May
15
2008
It’s true that, for the most part, these days I’m not watching horror flicks with my kiddoes around. I have to do it late at night after they’re asleep (which is sometimes very late) and frankly, I just don’t have the “grapes.”
It stinks … but there is a lot to parenting that kicks ass, so I’ll deal with it.
Most of the horror movies I know and love were made in the past, but not all of them were in the 90’s when I was hitting the theater as a teen - or after ‘77 when I was born. Many of them were tempered favorites of the ages … Alice Sweet Alice, Monkey Shines, the Beast Within. The Thing.
It seems that each decade has it’s own flavor of horror. I’m here so you can sample a taste, not just hear about the lastest remake blockbuster.
That’s why you should bookmark me, keep coming back for more, subscribe to my RSS feed, etc. That, and to find out what’s in store for the loyal, dedicated readers of a Frightfully fun blog with some mysterious twists all its own.
Now, if you’ll excuse me, the kids are outside playing. It’s time to put a movie on…
May
01
2008

Late one night, or actually early one morning, I woke up and couldn’t get back to sleep. I clicked on the tube, and stumbled across a black and white movie featuring a baby-faced young blond actor. I couldn’t quite put my finger on it … and then, was it really? Yep, Dennis Hopper like I’d never seen him.
Cute. Innocent, even. And lovestruck to the point of potential madness. Delicious!
Having caught the movie several minutes in, I didn’t quite know what to expect. Soon enough there was a mysterious gypsy reading his cards, a coffee house girl warning him against his “one true love” and a beautiful, scantily clad woman with a thick accent … who turned into a murderous octopus during a dream. I couldn’t give it up.
Some of the older horror movies rely on an easily shocked audience and bad costuming, and while there is just a smidge of that in Night Tide, this really is an intellectual movie.
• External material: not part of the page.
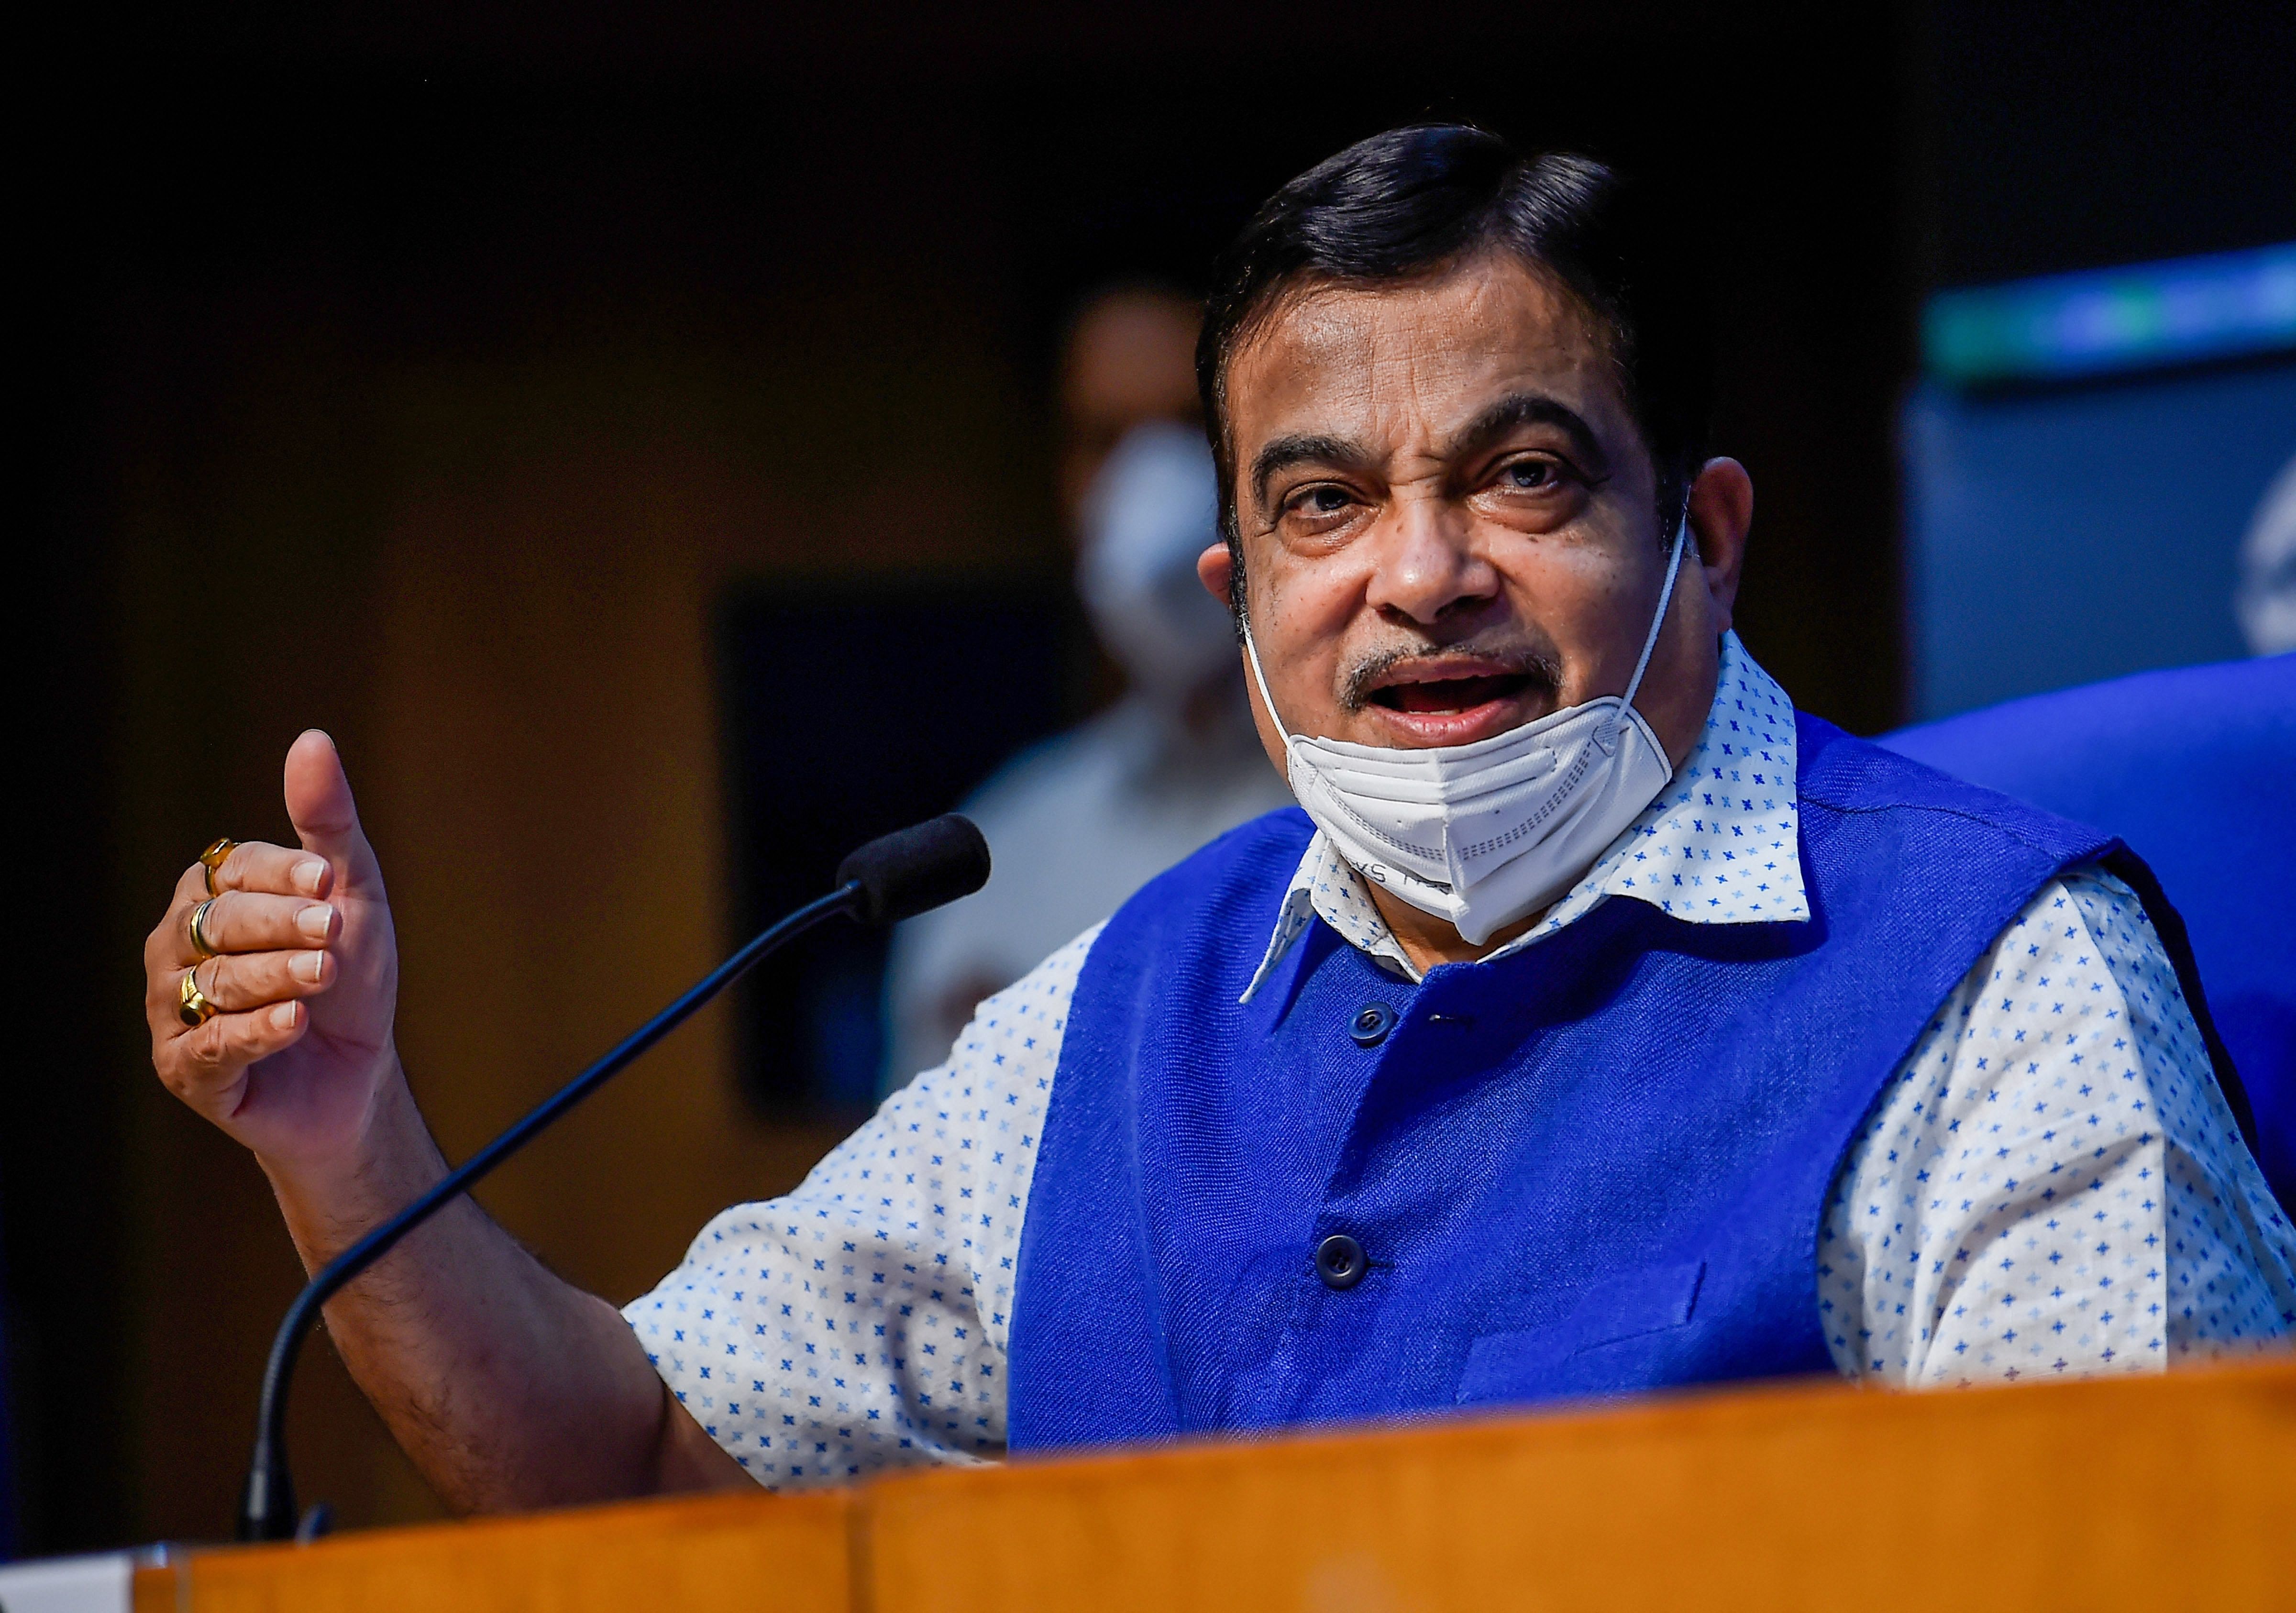 Union Minister Nitin Gadkari further said there is a need to upgrade technology, which will result in employment generation. Credit: PTI Photo

You hope, you fear, you question. Harkened to the likings of The Twilight Zone, this really is a story that will stay with you.
Dennis Hopper plays navyman, Johnny (of course it would be “Johnny”) Drake, who meets a tempting and mysterious carnival worker while on leave. Mora (Linda Lawson) works as a mermaid in a sideshow act, but when her lovers keep turning up dead, folks begin to wonder if she’s more than just an act.
Teasing and genuine, you’ll enjoy this sumptuous black and white delight from Hopper’s early career. I know I did.